◆ WHAT IS NEEDED
With the exception of the pictures, write out the data below precisely.

◆ SUPPLIED MATERIAL
Content starts

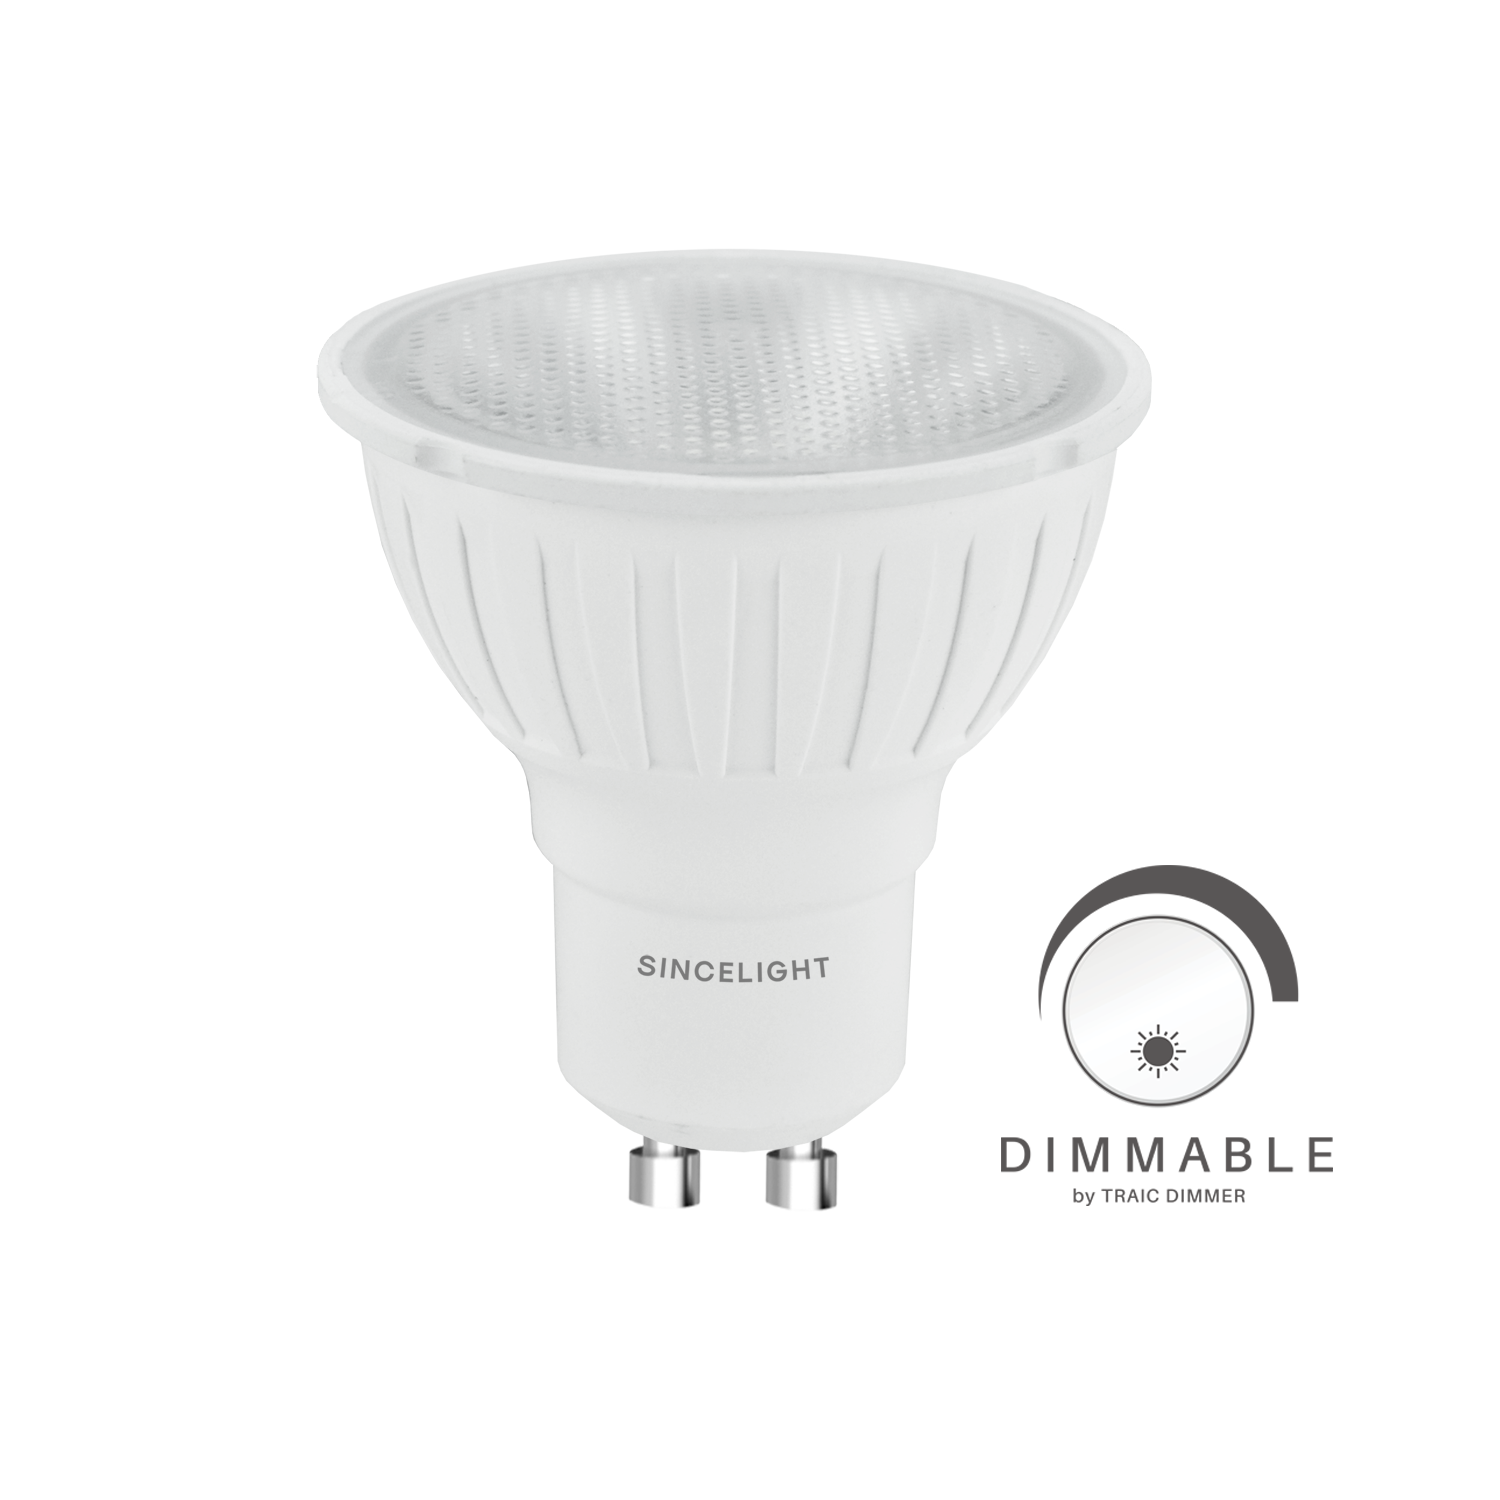 Dimmable 6W GU10 LED Reflector Bulb with ∠38° Beam Angle
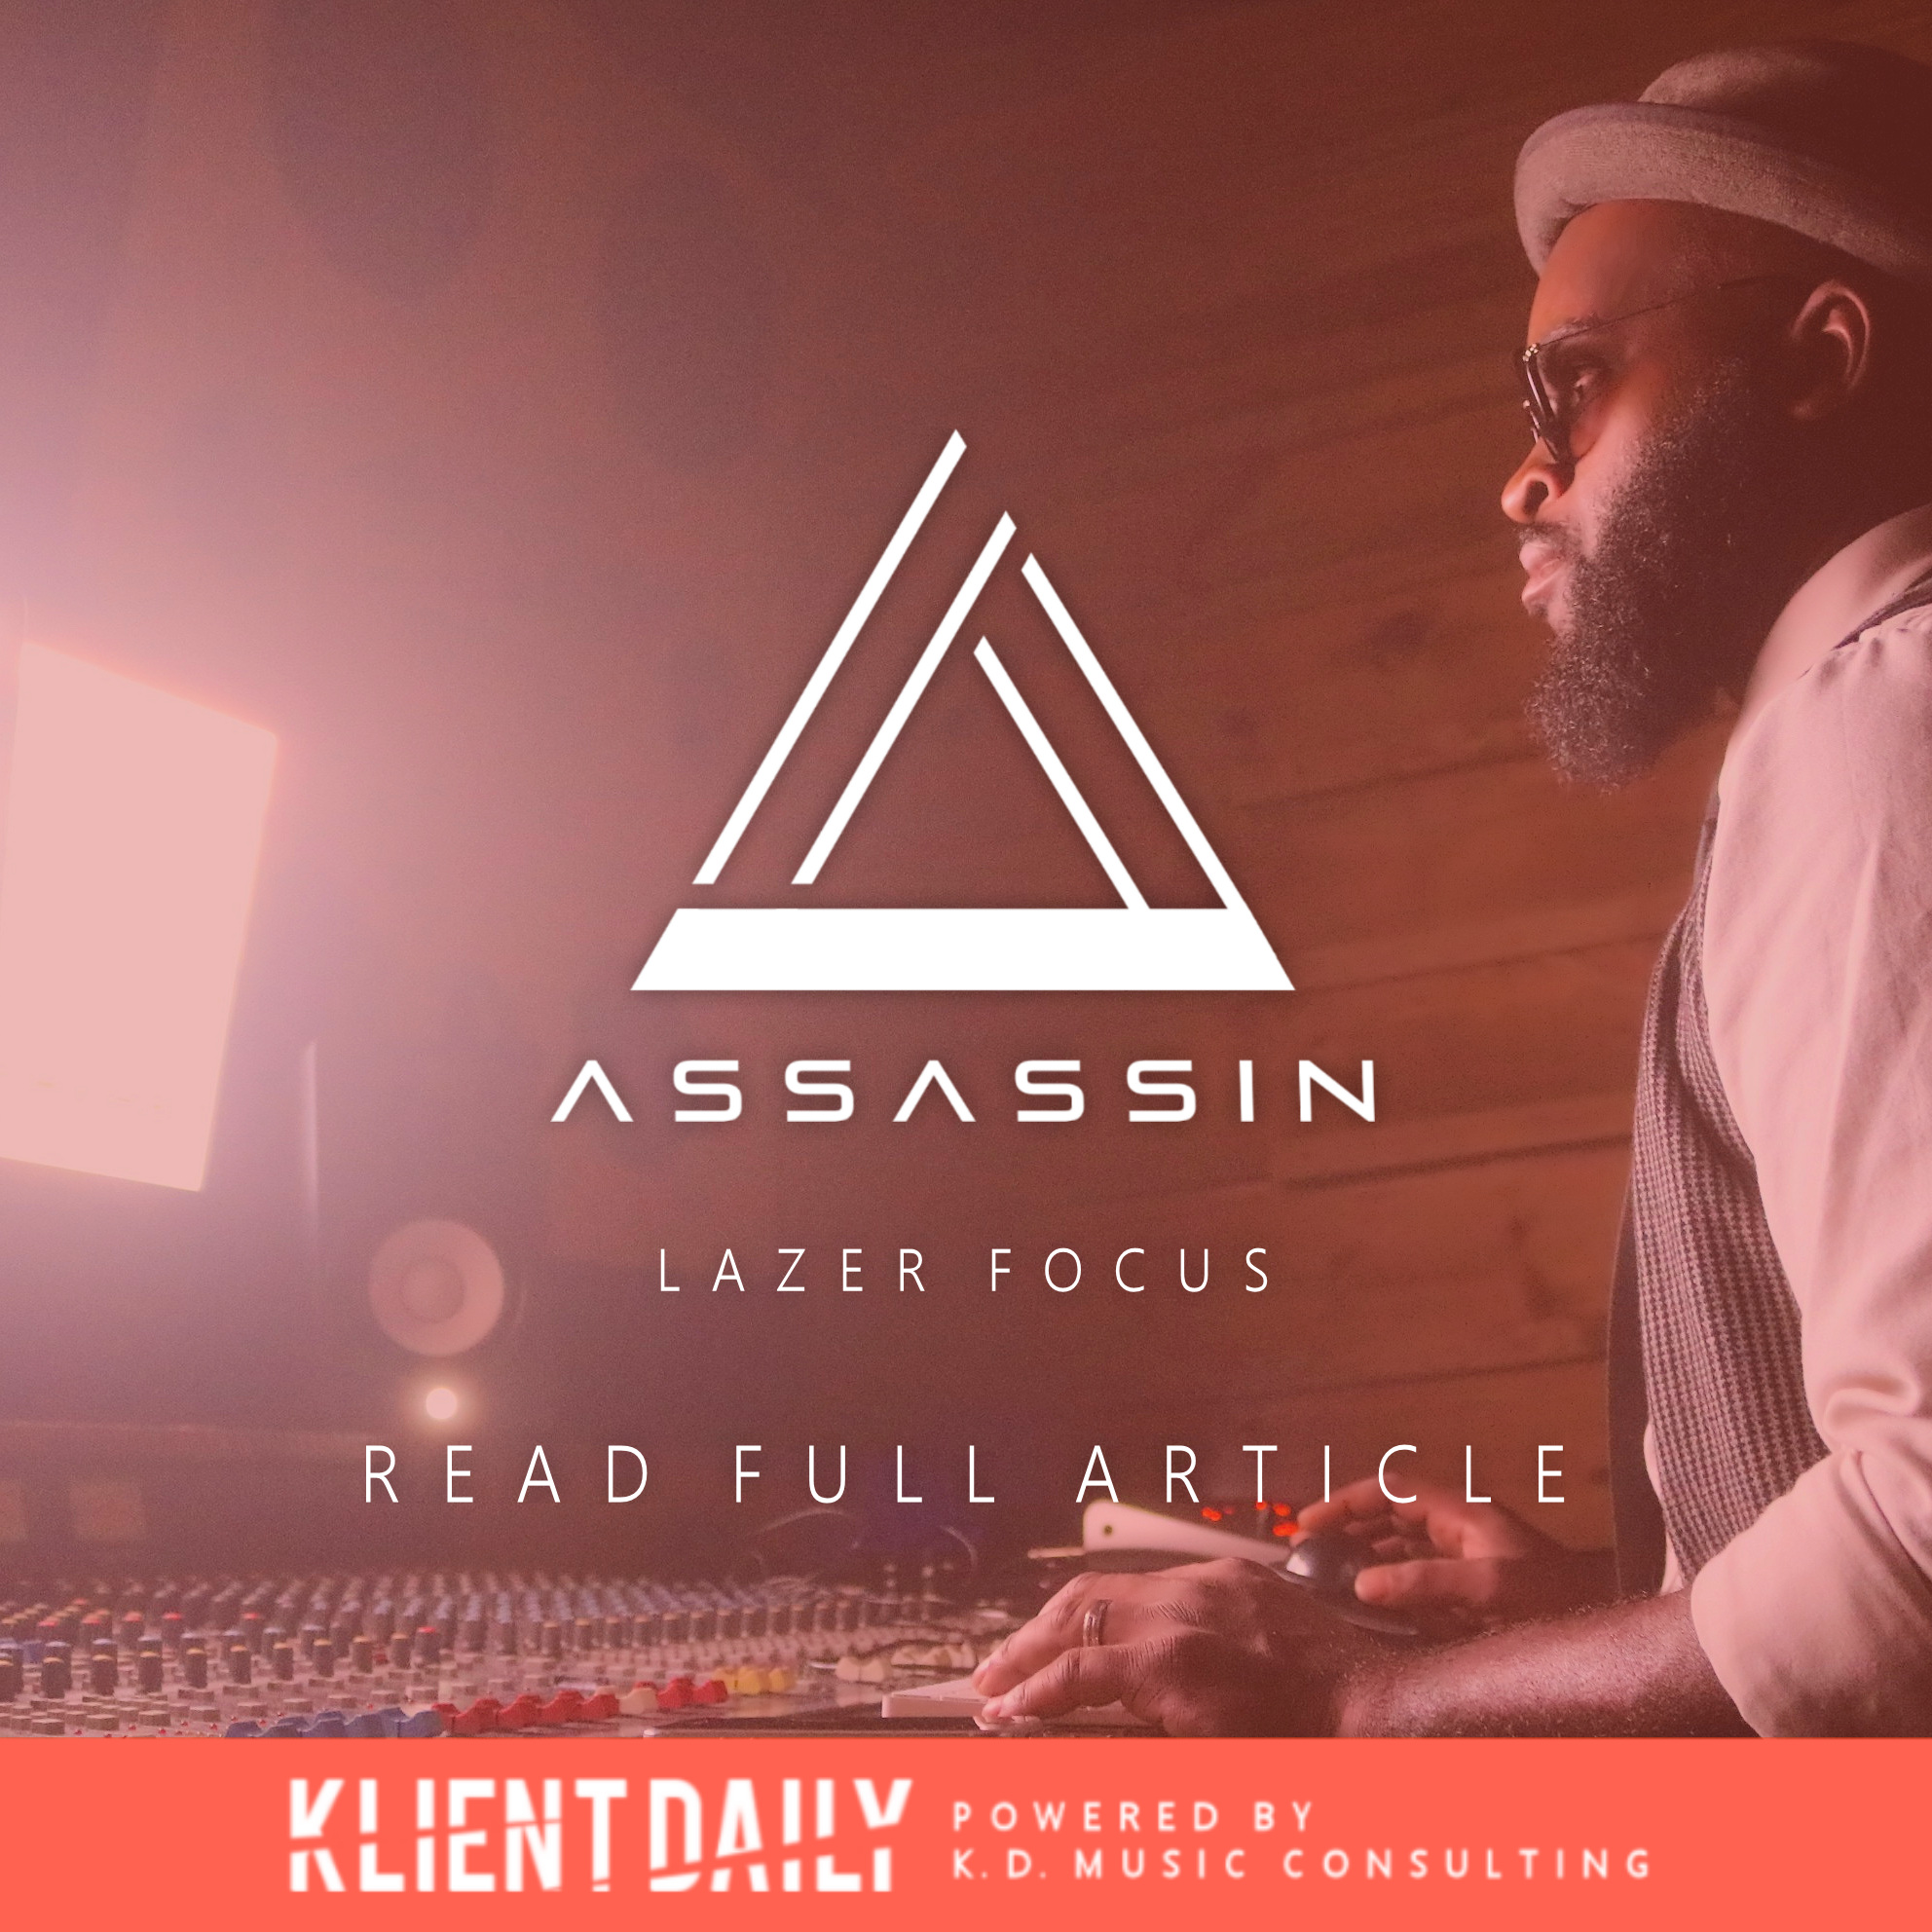 Assassin Inc KlientDaily Article cover.jpg
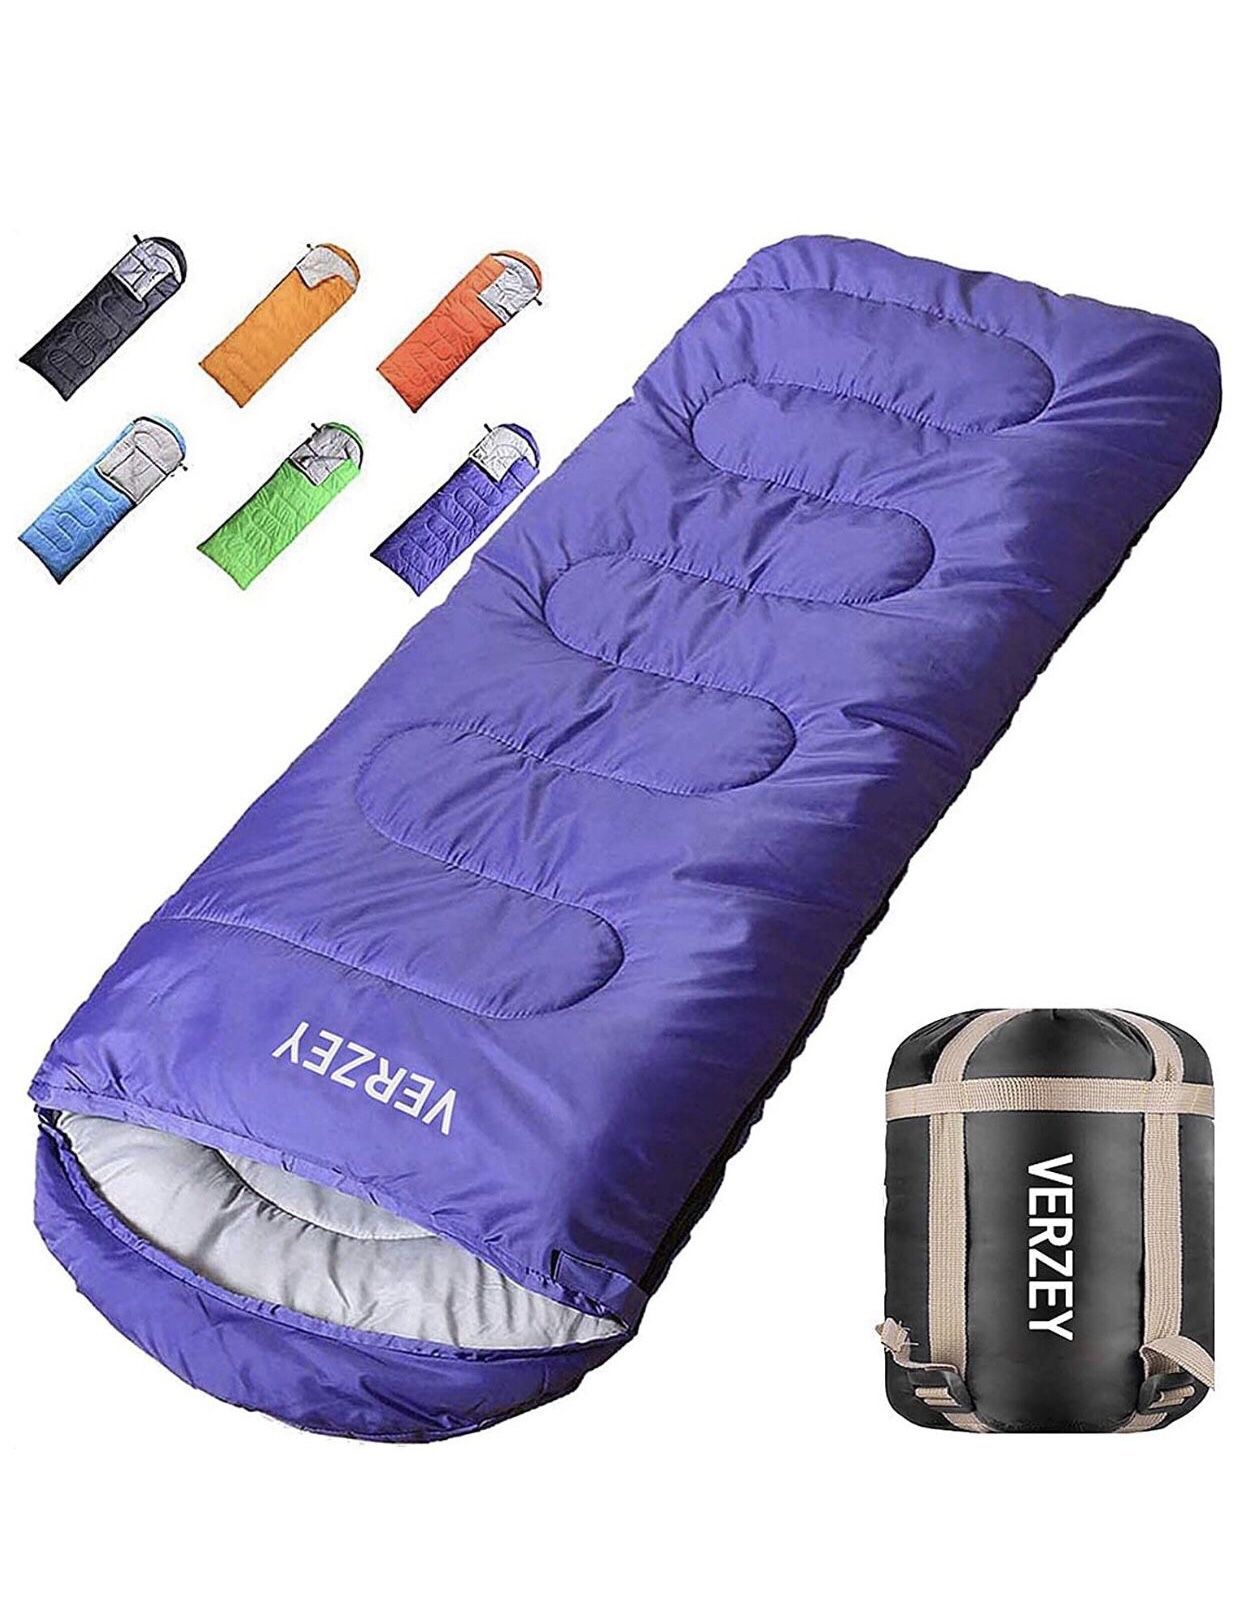 Envelope Camping Sleeping Bag for Adults, YouthKids & Boys,Great for 4 Season,Portable forBackpacking Traveling Hiking Waterproof Lightweight(purple)

Content ends

◆ ANSWER BELOW
 Dimmable 6W GU10 LED Reflector Bulb with ∠38° Beam Angle
 Assassin Inc KlientDaily Article cover.jpg
 Envelope Camping Sleeping Bag for Adults, YouthKids & Boys,Great for 4 Season,Portable forBackpacking Traveling Hiking Waterproof Lightweight(purple)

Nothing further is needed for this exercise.